Required work » Would you repeat each line below exactly, without the pictures?
** Opening Data extract block **
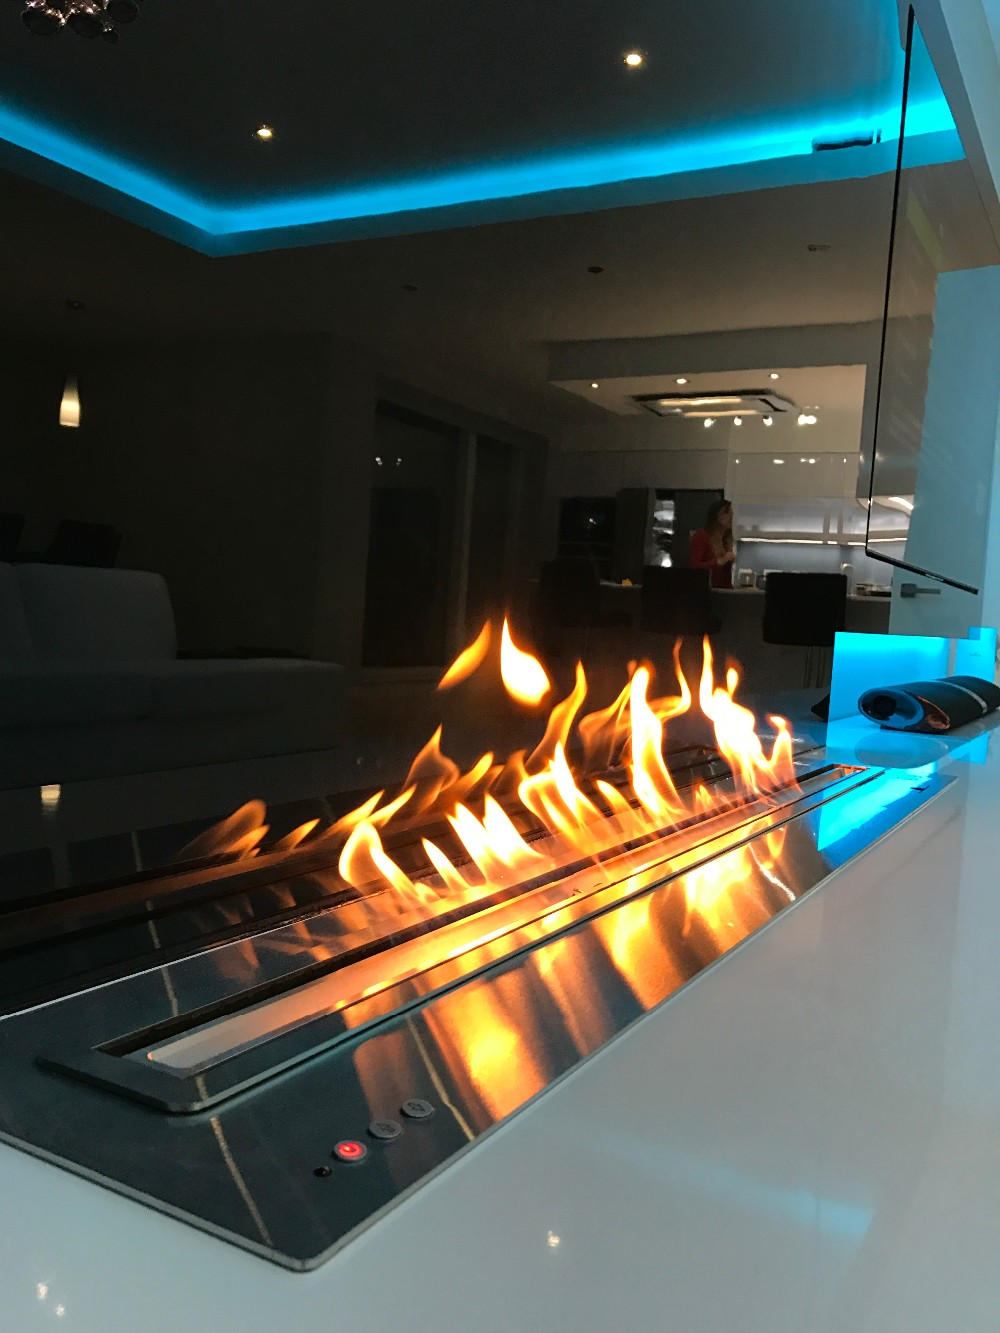 On Sale 60'' Ethanol Bioethanol Fireplace With Wifi Contact Chimenea Interior
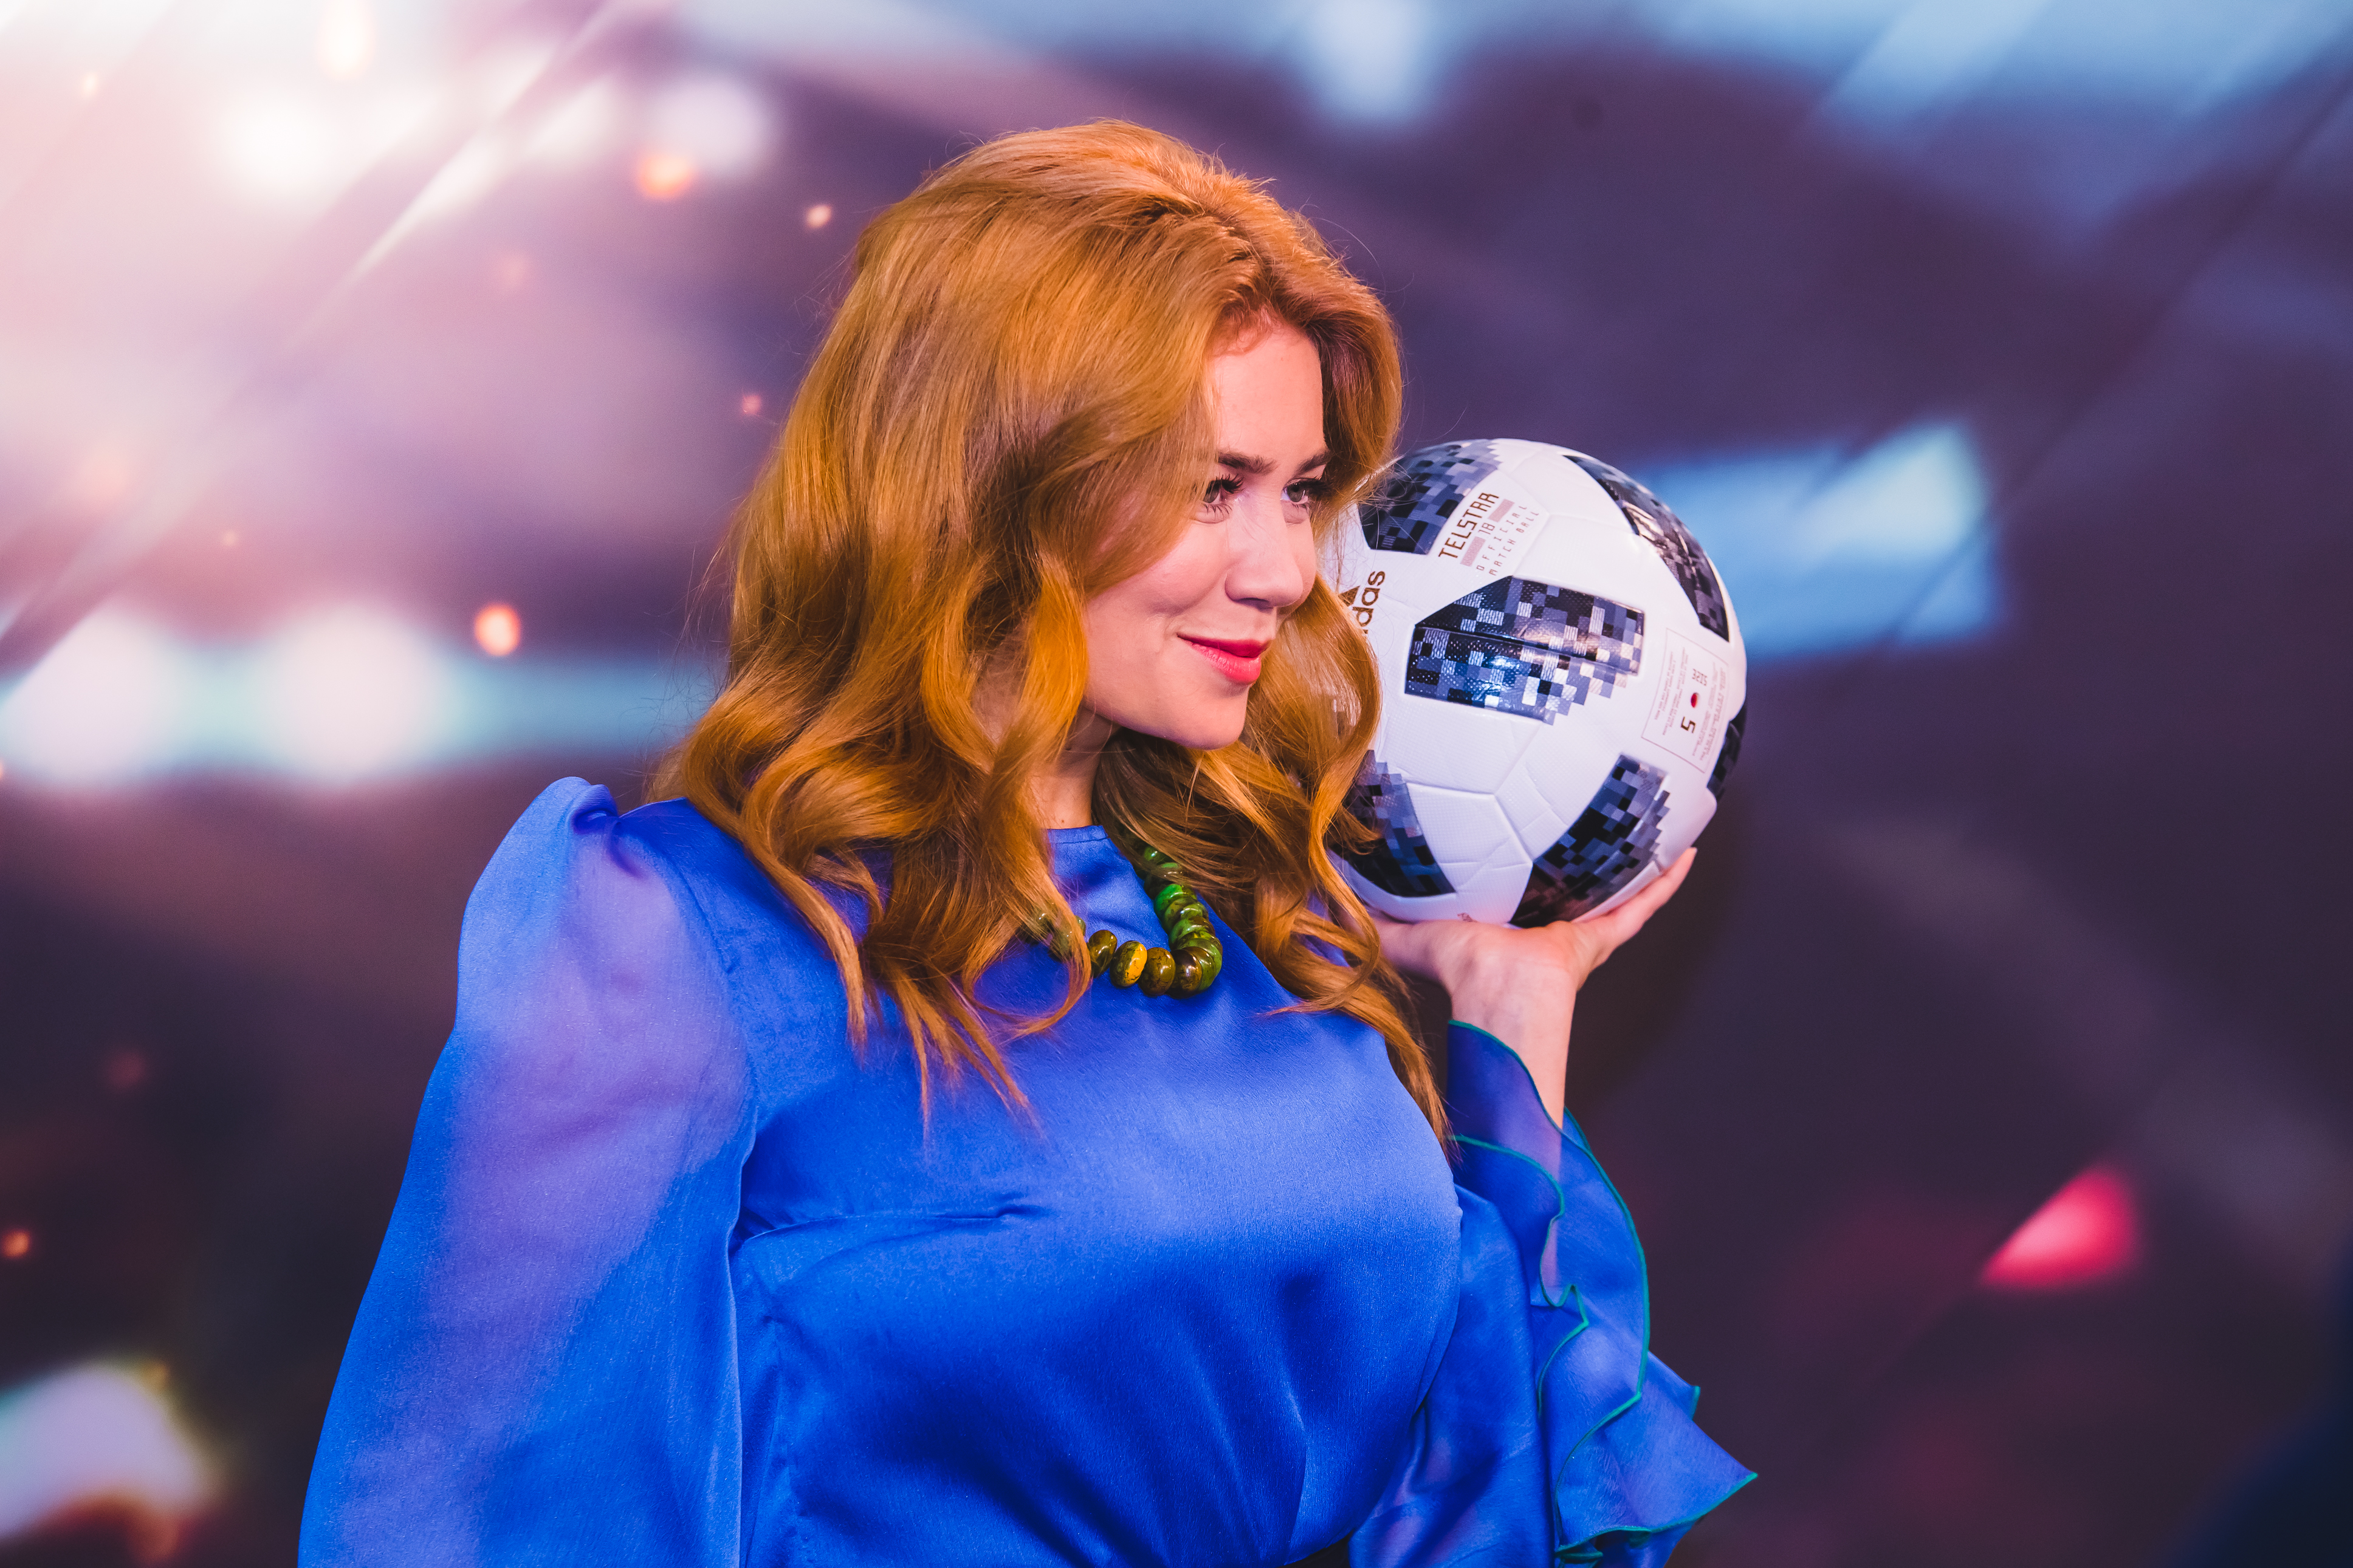 File 20180423 Fifa Fussball Wm 2018 Pressevorstellung Ard
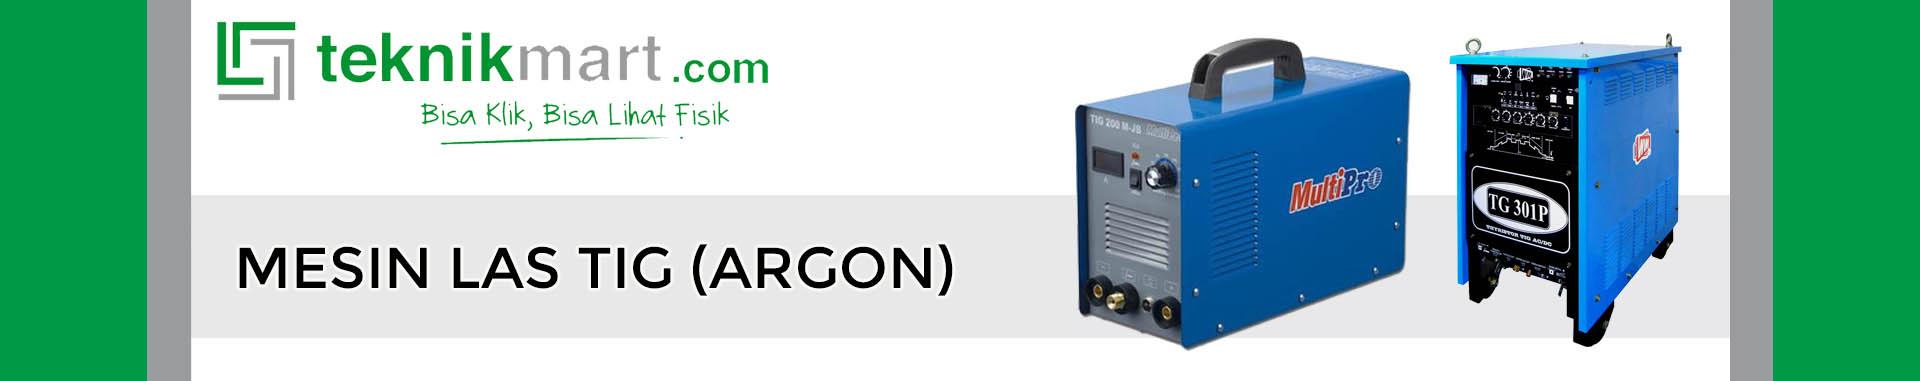 Mesin Las TIG (Argon)
** Closing Data extract block **
Expected answer »
 On Sale 60'' Ethanol Bioethanol Fireplace With Wifi Contact Chimenea Interior
 File 20180423 Fifa Fussball Wm 2018 Pressevorstellung Ard
 Mesin Las TIG (Argon)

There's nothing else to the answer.